### [Problem to solve]
Could you write out every record below exactly, leaving the pictures out?

### [Data entries]
■ ■ ■ ■ ■

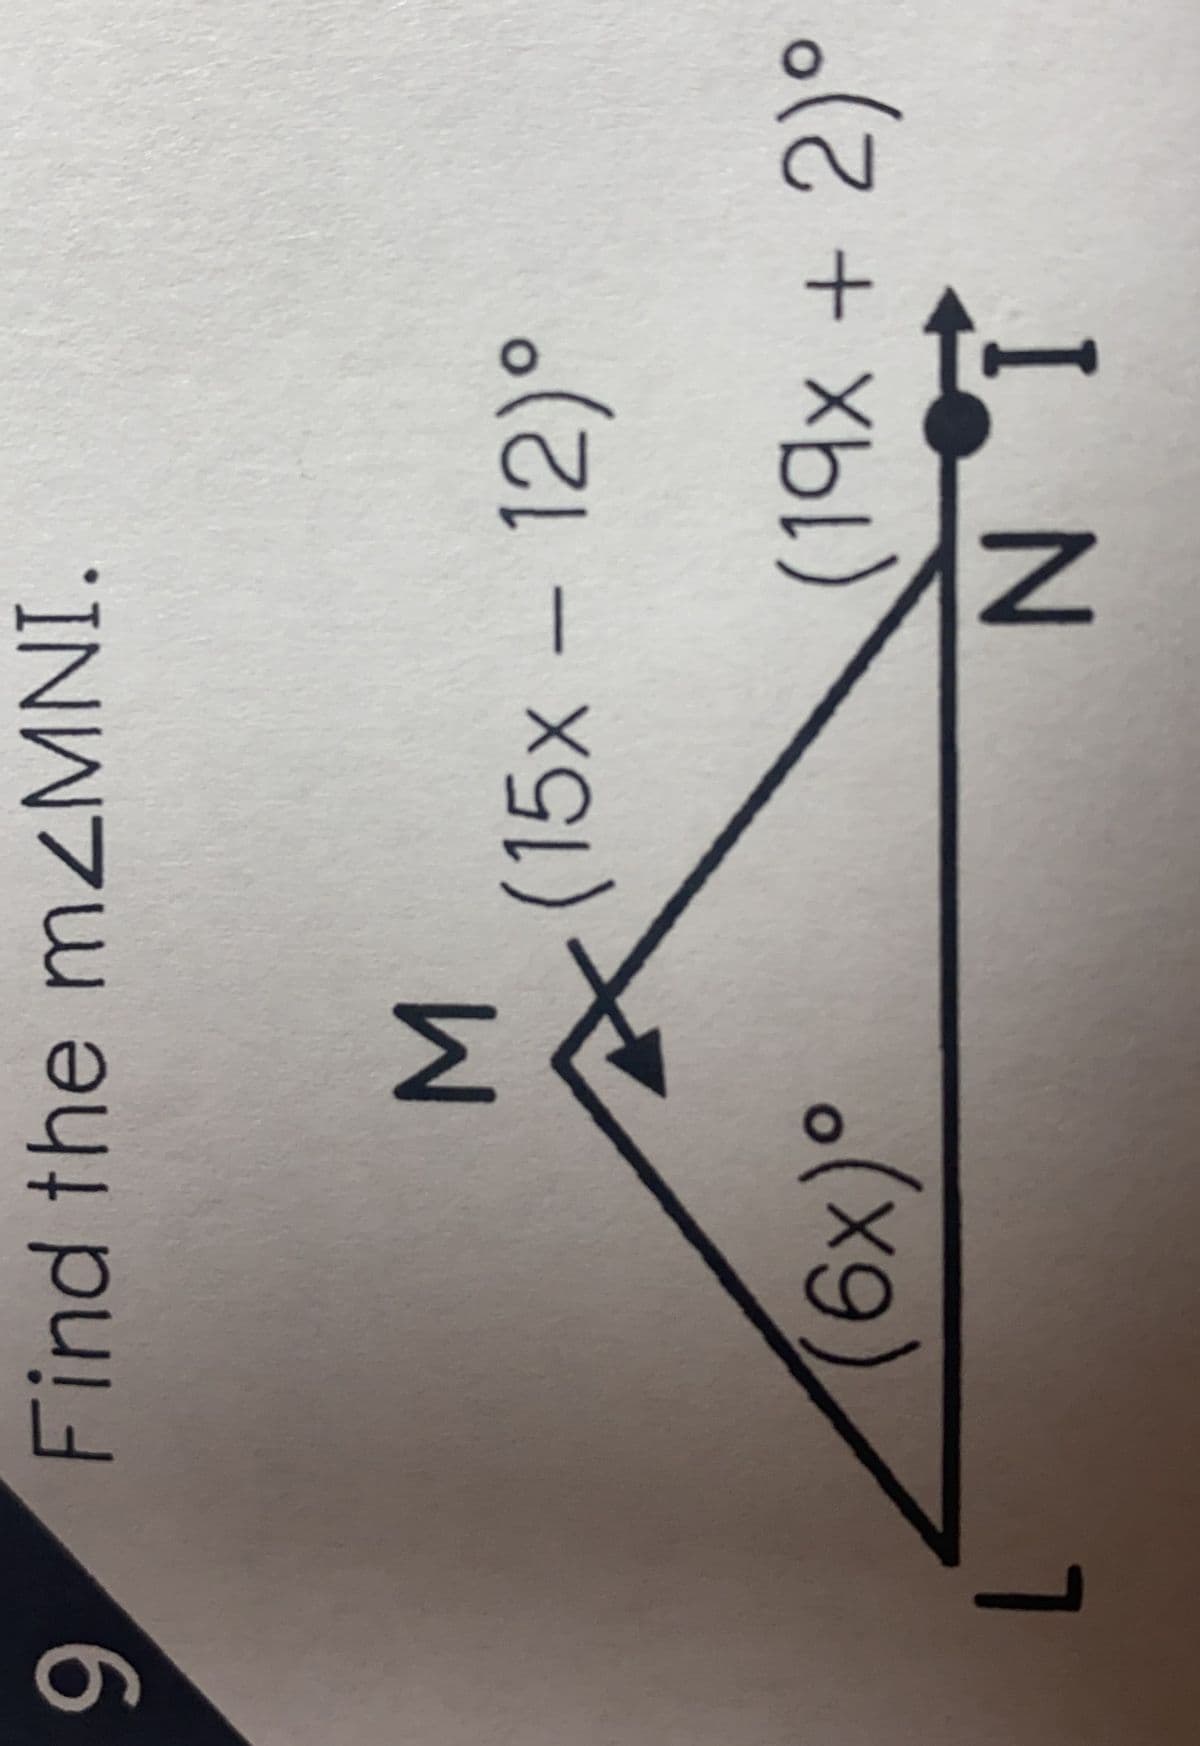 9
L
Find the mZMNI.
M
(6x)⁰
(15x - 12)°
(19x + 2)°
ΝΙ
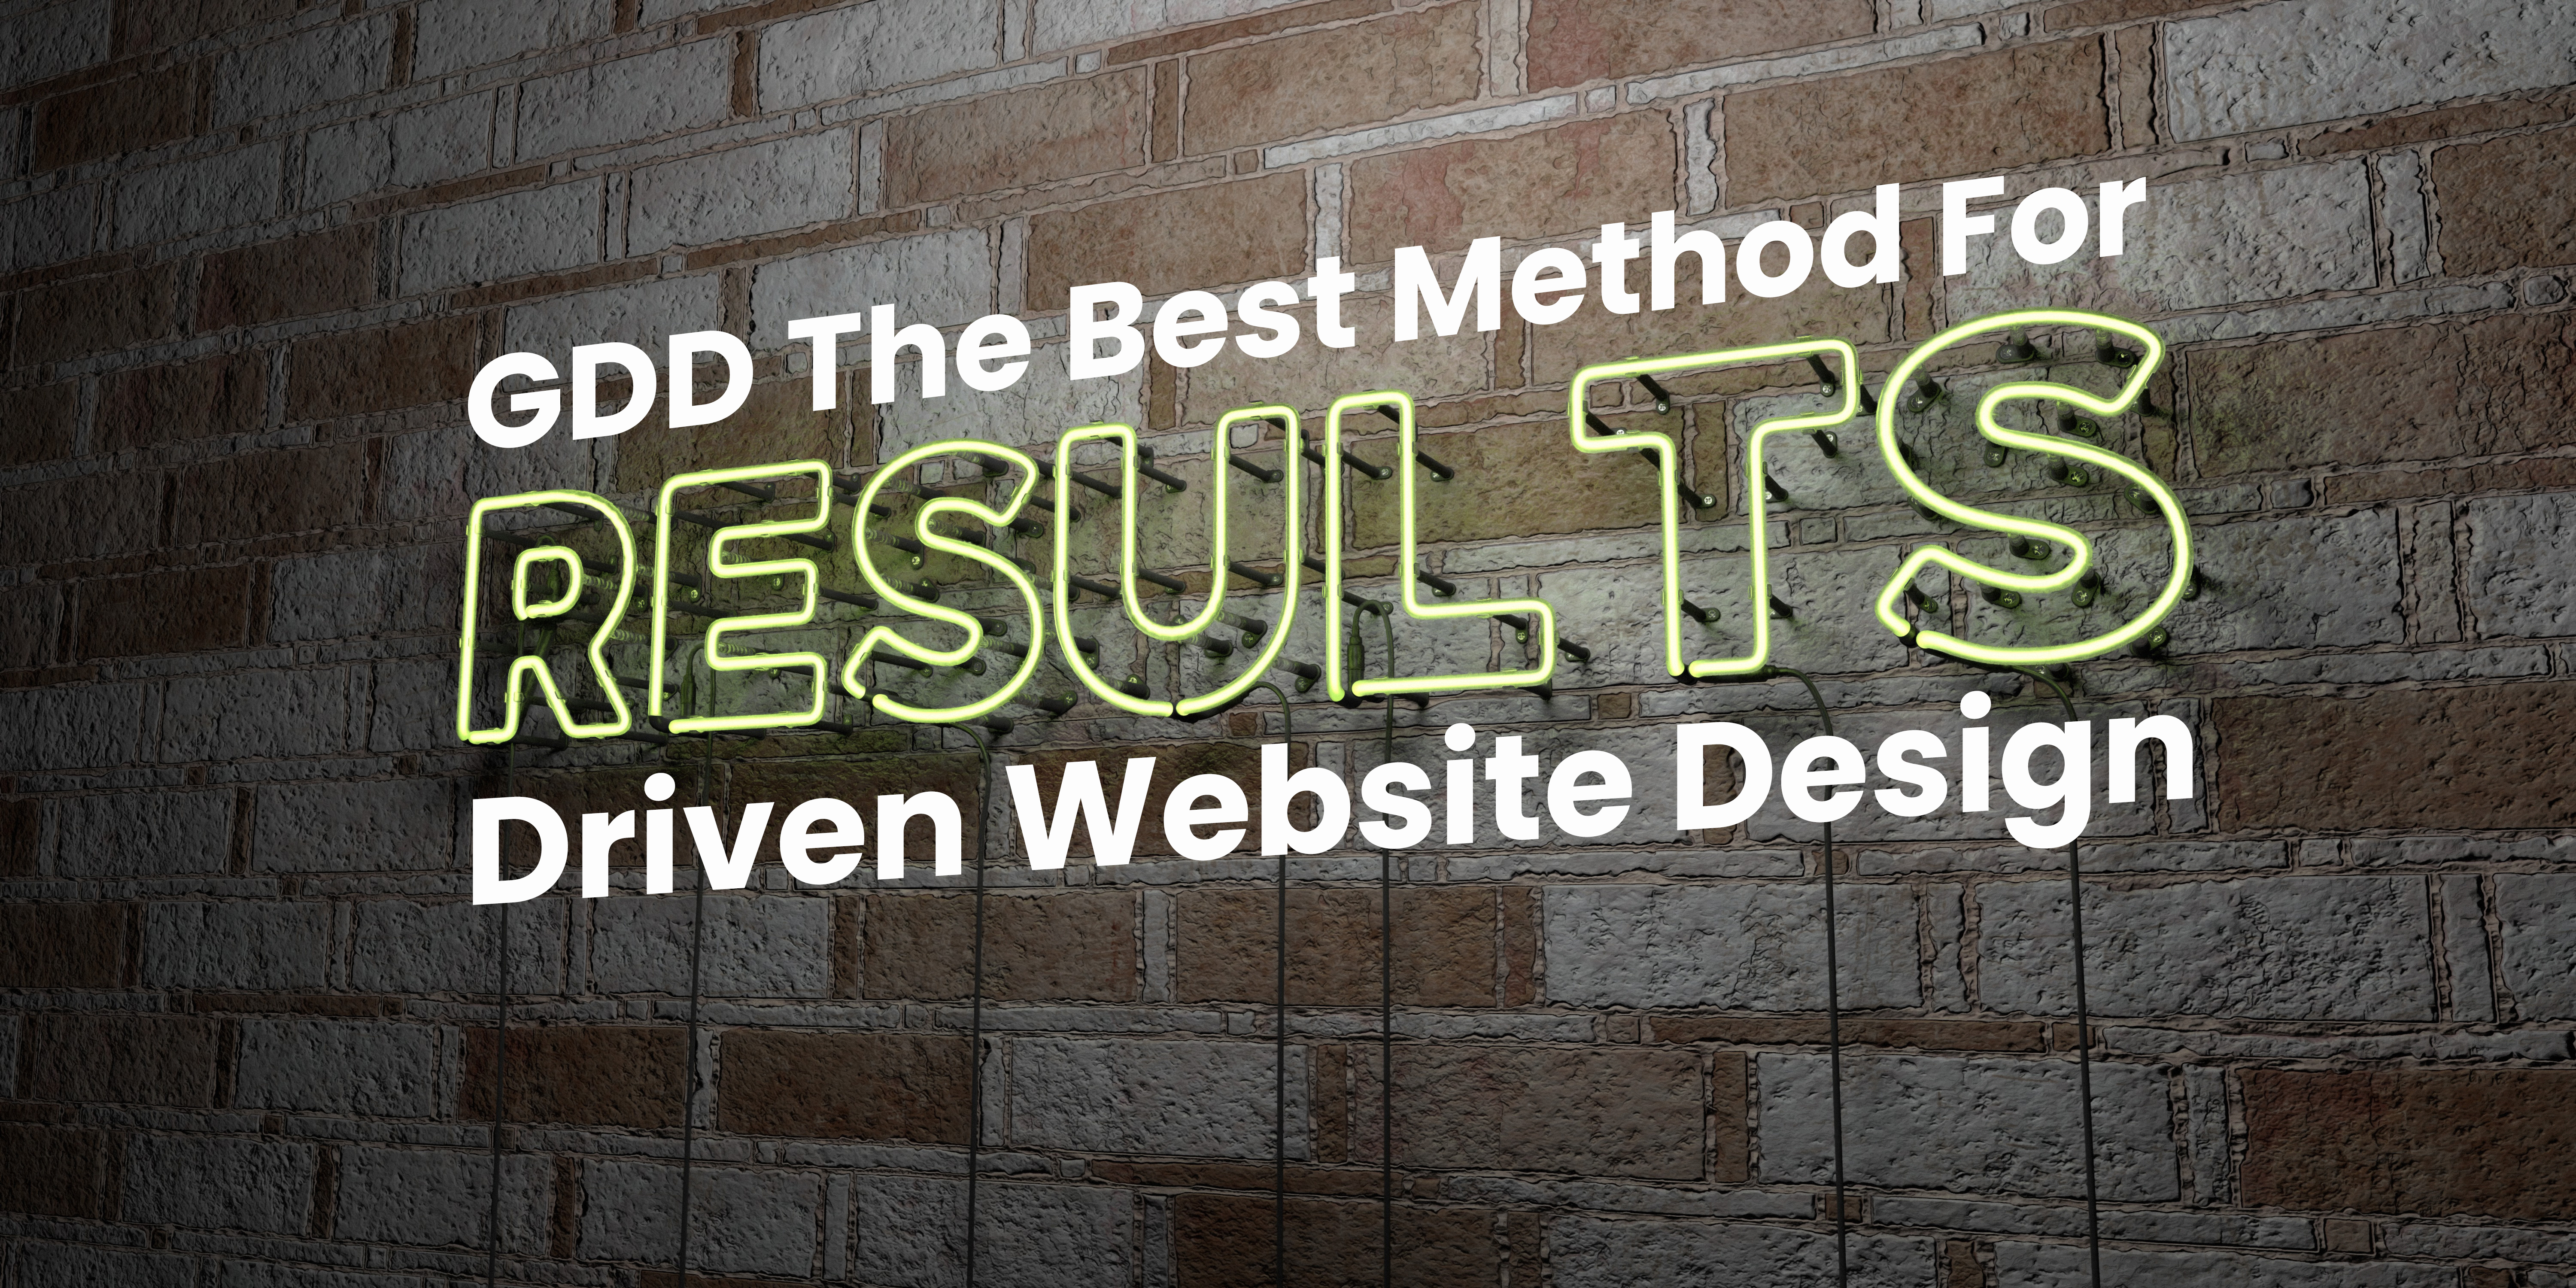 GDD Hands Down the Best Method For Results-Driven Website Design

■ ■ ■ ■ ■

### [Result for this task]
 9
L
Find the mZMNI.
M
(6x)⁰
(15x - 12)°
(19x + 2)°
ΝΙ
 GDD Hands Down the Best Method For Results-Driven Website Design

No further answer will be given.